Easily Connect Amateur Radios and Shortwave Radios to a Computer's USB Port
By: RJKORN
I have been using Fldigi for a while now, but I hate long audio cables. Those 3.5mm plugs make quite a lot of crackling noise when you plug the cable in. Besides, I don't want to use an internal sound card.I have looked at commercially available interfaces, but none of them meet my needs. Many different DIY projects are also not quite suitable. What I want is a box with a USB port and a device connector, nothing more. A power plug is not necessary either.
Fldigi (modem) V3.23.21 is a well-known piece of software among amateur radio enthusiasts. It has excellent functions, and for those who enjoy digital communication and CW Morse code, it is presumably no stranger. This software supports Chinese font transmission. It can automatically transmit "CQ CQ CQ" and can also demodulate CW signals for telegraph communication.
This is just as simple as an interface that uses an optocoupled PTT and a transformer isolation device. Both cost less than 20 US dollars.
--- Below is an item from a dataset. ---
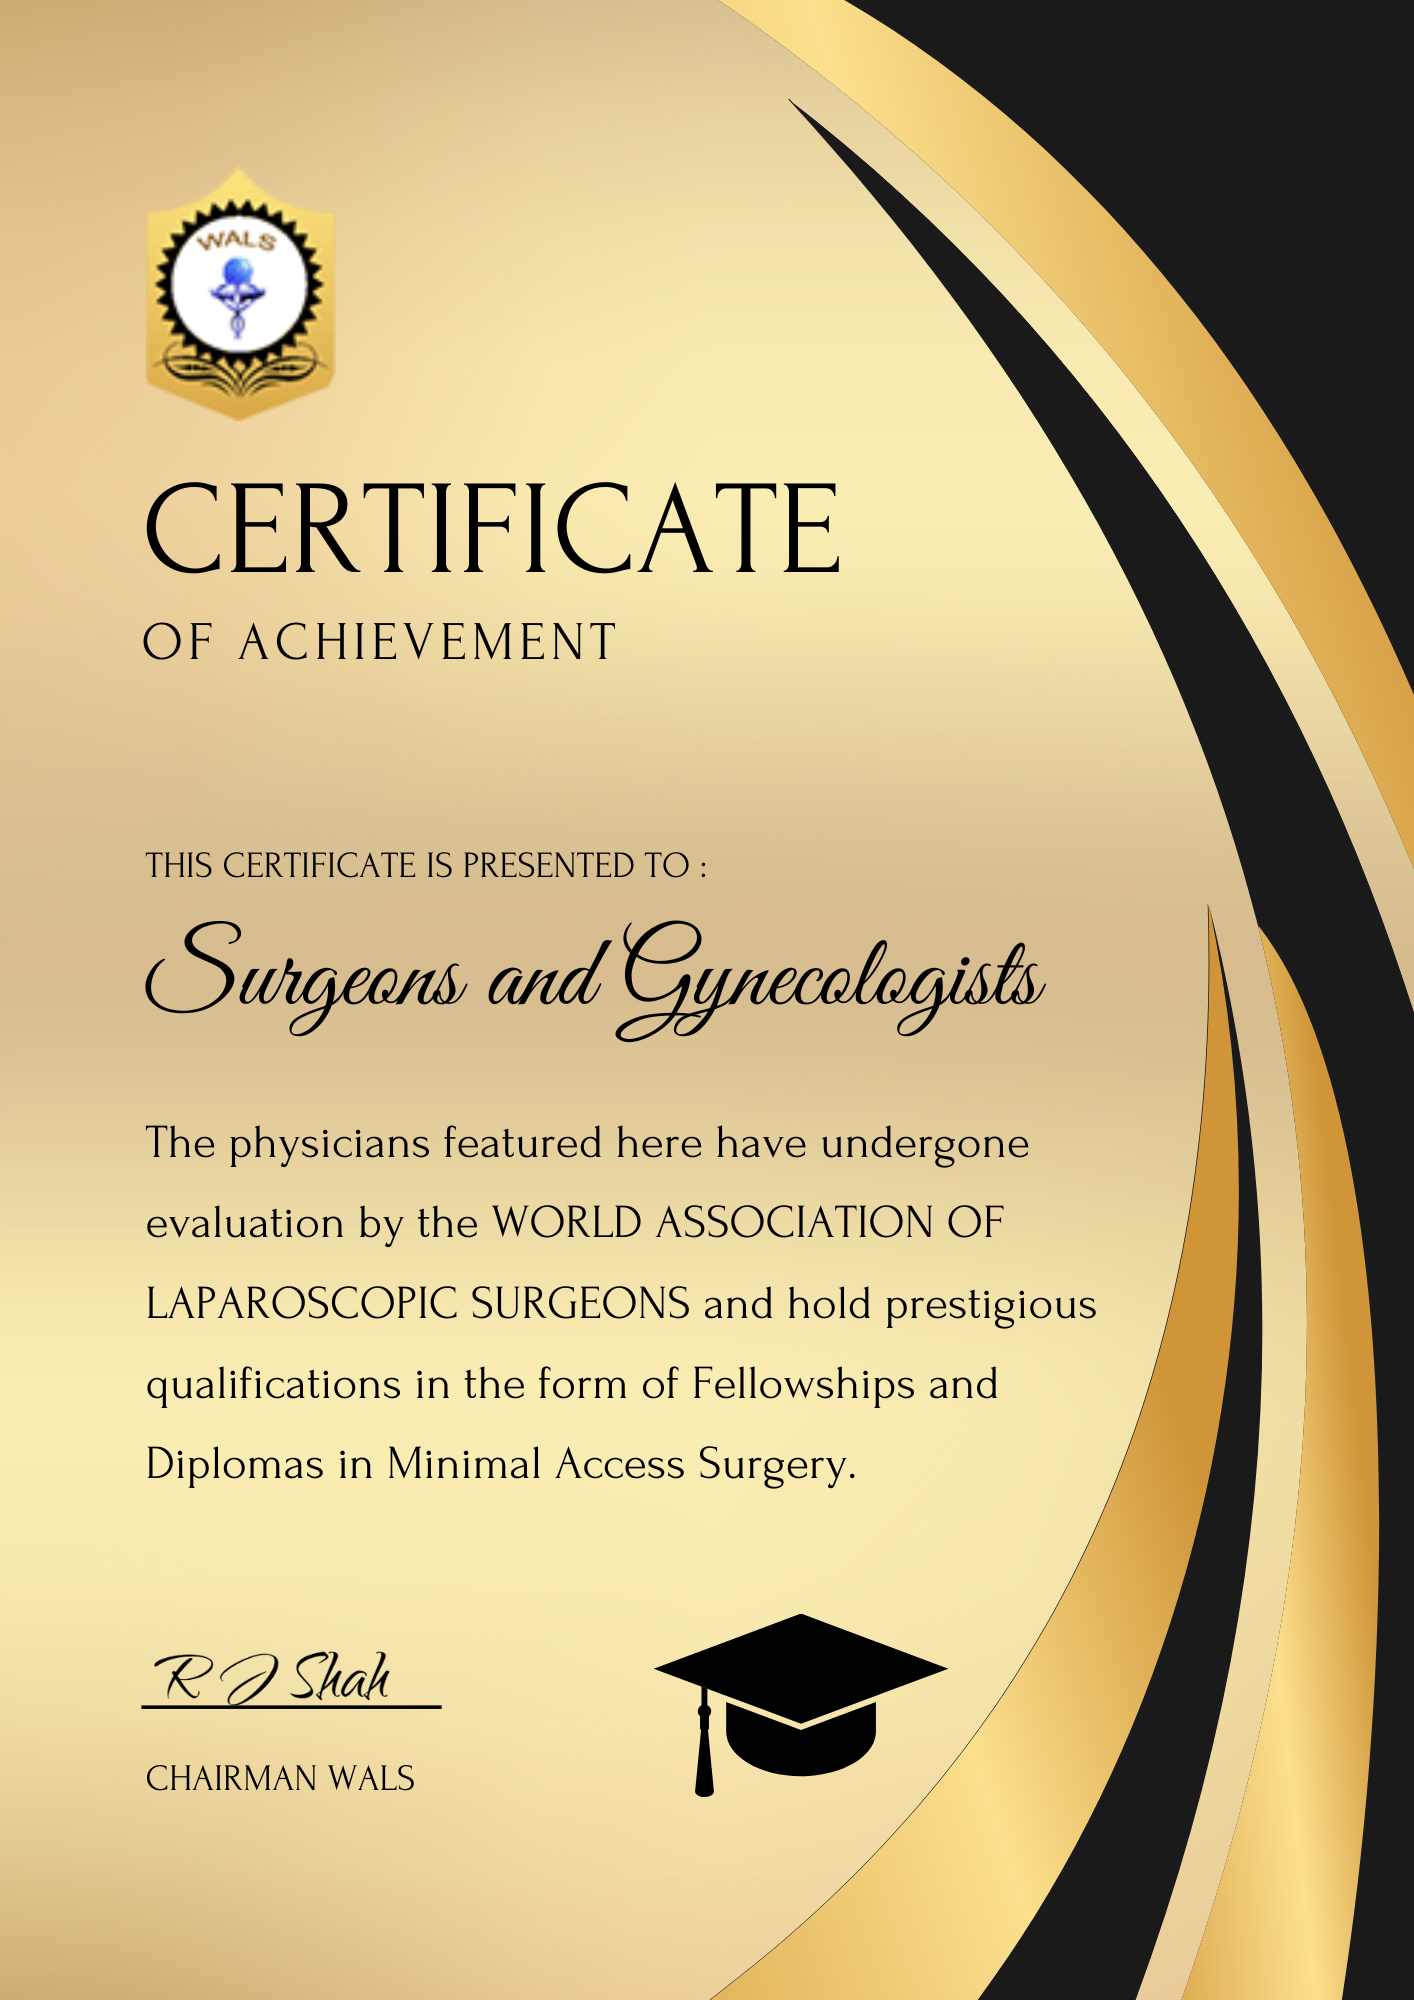 Laparoscopic Surgeons Endorsed by WALS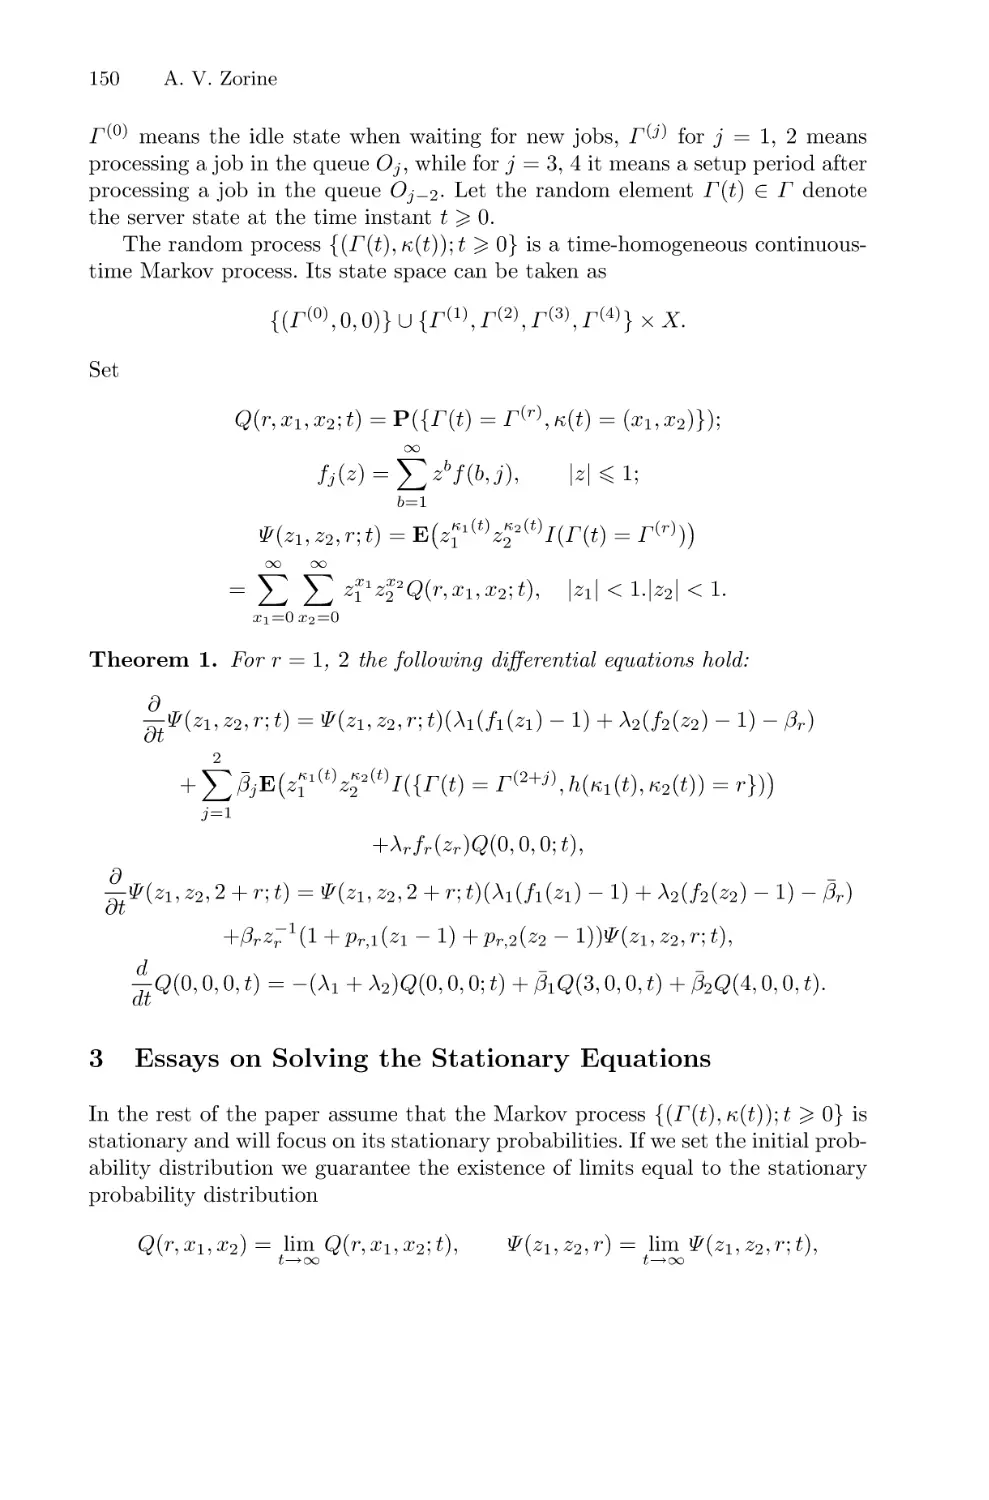 3 Essays on Solving the Stationary Equations

Step 1: Select an audio dongle
I bought several different USB sound cards from eBay, each costing around $3. We need to pay attention to the products we purchase: those with additional capacitors also have a resistor divider on the audio signal. They only output 100mV, which is not enough to activate the optocoupler. You can see the difference in the picture. Simpler is better. It seems that the bare one outputs almost the full 5V on both the left and right channels.
Step 2: Start Soldering
You can keep the USB connector intact and then feed it through the rear panel. I have extra Type-B connectors around, so I don’t solder it. They didn’t even bother to solder the ground tabs at the factory anyway, so if you want to keep the Type-A connector, just desolder those contact tabs.
After removing the USB connector, I soldered the wires to all the USB connections and the top of the 3.5mm jack. Do not disturb the center of the microphone connector, which is not used here.
Step 3: Build the shell
I wanted a good metal case for proper shielding, so I checked the second-hand trading platform and found someone giving away parallel port data switches for free. He was only 2 miles away from me, and there were 3 of them in total.
I just needed to drill a few more holes in the front. I used stripped hardwood floor tiles to make new rear mounts. I drew a quick front panel in Inkscape and printed it on self-adhesive label paper. Several layers of clear adhesive can protect it. I only had satin finish, so it didn’t look as good as the glossy one.
I also used polyurethane on other front panel layouts. It makes the label a bit translucent, so if you’re trying to use a label, flatten it out first before pasting it on. Once dry, it really looks like it’s covered with plexiglass, whose main component is polymethyl methacrylate resin.
I also put a piece of hardwood floor at the back of the front panel to separate the jacks and switches without using a bunch of washers, for a better appearance. Besides, the floor tile is a bit soft, which helps lock the parts in place.
Step 4: Installation
I assembled the components on a small prototype board. The schematic is very simple. I used a socket for the optocoupler, just in case I connect it to a tube device. The schematic shows a 4N35, but I used an IL-5 since I have a lot of these components on hand.
For the radio equipment connector, use a 6-pin DIN or 3 separate connectors as needed. Even a DB-9, RJ45, or similar connector will work.
The transformer is a 1:1 telco transformer. Almost any transformer with an impedance ranging from 100 to 1000 ohms can be used.